It is interesting to note that some of the information returned
by this operation is stored in the generic part of the
mp
structure, shared across all file
systems. The copy_statvfs_info
. function
takes care to copy this common information into the resulting
structure with minimum efforts. Among other things, it copies
the file system's identifier, the number of writes, the maximum
length of file names, etc.
As a general rule of thumb, the code in
fs_statvfs
manually initializes the following
fields in the sbp
structure:
f_iosize
, f_frsize
,
f_bsize
, f_blocks
,
f_bavail
, f_bfree
,
f_bresvd
, f_files
,
f_favail
, f_ffree
and
f_fresvd
. Details information about each field
can be found in statvfs(2).
For example, the operation's content may look like:
... fill sbp's fields as described above ... copy_statvfs_info(sbp, mp); return 0;
A vnode, like any other system object, has to be allocated before it can be used. Similarly, it has to be released and deallocated when unused. Things are a bit special when it comes to handling a vnode, hence this whole section dedicated to explain it.

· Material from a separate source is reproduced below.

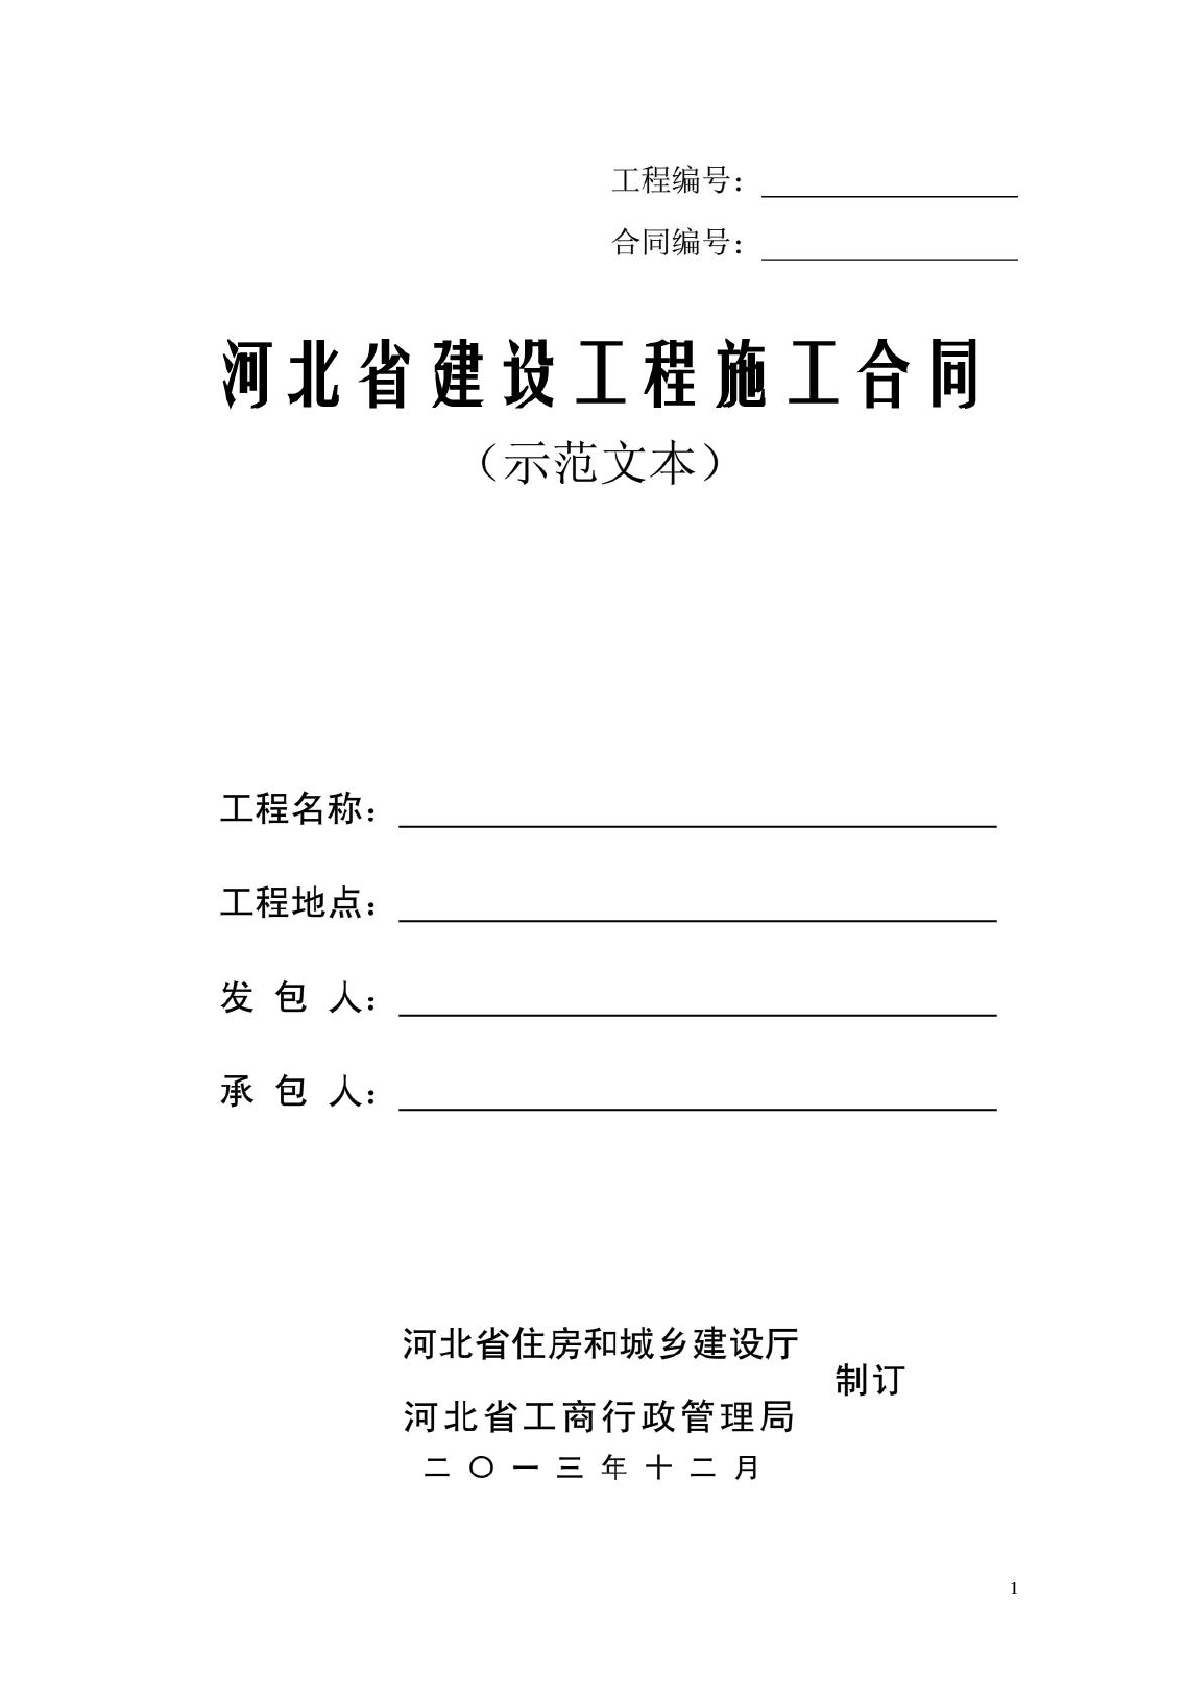 河北省建设工程施工合同2013版——2013年12月2日发布施行

XXX: A graph could be excellent to have at this point.
A vnode is first brought to life by the
getnewvnode(9) function; this returns a clean vnode that can be
used to represent a file. This new vnode is also marked as
used and remains as such until it is marked
inactive. A vnode is inactivated by calling releasing the last
reference to it. When this happens, VOP_INACTIVE
is called for the vnode and the vnode is placed on the free list.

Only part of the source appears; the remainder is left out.